§ **SUPPLIED INFORMATION**:
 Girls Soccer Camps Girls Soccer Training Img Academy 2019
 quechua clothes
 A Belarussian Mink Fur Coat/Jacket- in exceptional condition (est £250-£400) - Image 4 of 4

§ **YOUR INSTRUCTIONS**: Return all of the data above exactly, leaving out no line.

§ **EXPECTED ANSWER**:
 Girls Soccer Camps Girls Soccer Training Img Academy 2019
 quechua clothes
 A Belarussian Mink Fur Coat/Jacket- in exceptional condition (est £250-£400) - Image 4 of 4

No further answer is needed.